A research report projects a big data security market growth at 17.1 per cent Compound Annual Growth Rate (CAGR) from USD 12.22 Billion in 2017 to USD 26.85 Billion by 2022.

Some of the key drivers of this growth include the ever evolving regulatory landscape, an increasing volume of business data generated from a variety of sources, and greater threat from cyber-attacks requiring scalable high security solutions.

Big Data is typically stored in the Hadoop Distributed File System, which provides a very basic form of security, not enough to protect business interests.

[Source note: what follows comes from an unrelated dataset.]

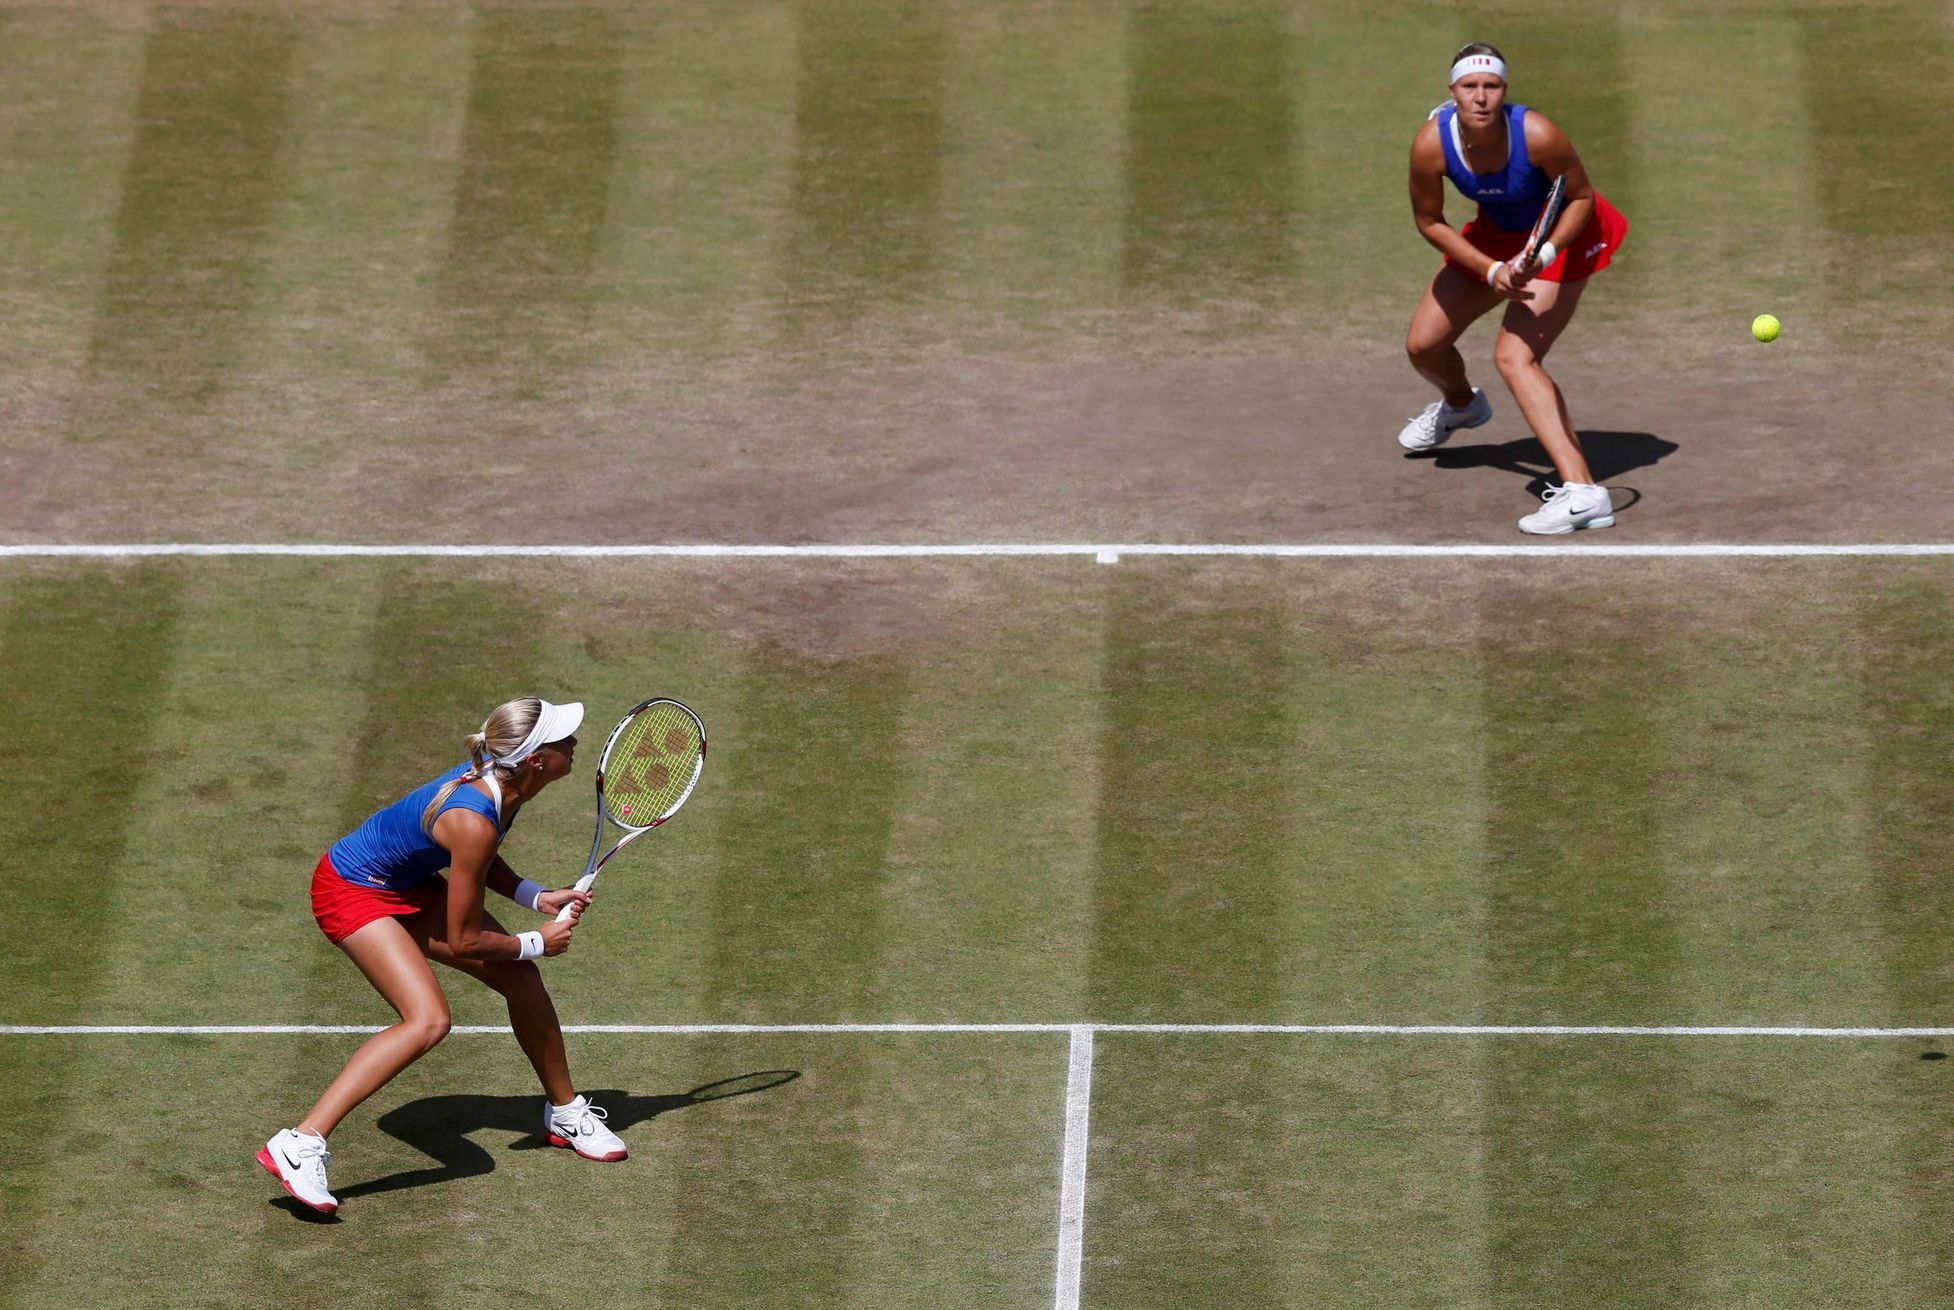 České tenistky Andrea Hlaváčková a Lucie Hradecká v utkání s Liezel Huberová a Lisa Raymondová na OH 2012 v Londýně.

The name string level of authentication is not enough to deal with the nature of breaches that cloud and networking to the World Wide Web expose one to.

Security Challenges

The challenges to big data storage, retrieval and use come at multiple levels and can be broadly classified as:

  • Generation of fake data
  • Untrusted mappers accessing the system
  • Insufficient cryptographic protection
  • Mining of sensitive information by unauthorised sources
  • Challenges to granular access control
  • Difficulty in data provenance difficulties
  • Lack of focus on security in high speed NoSQL databases
  • Neglecting security audits

In 2021, Big Data challenges range from real-time compliance to wider data security changes across the board. In between, industry-specific data security changes, data encryption, job-critical data access and more assume tremendous significance too.

To counter these challenges, big data solutions for security can be ensured only through encryption, access control, security intelligence, data governance and data masking.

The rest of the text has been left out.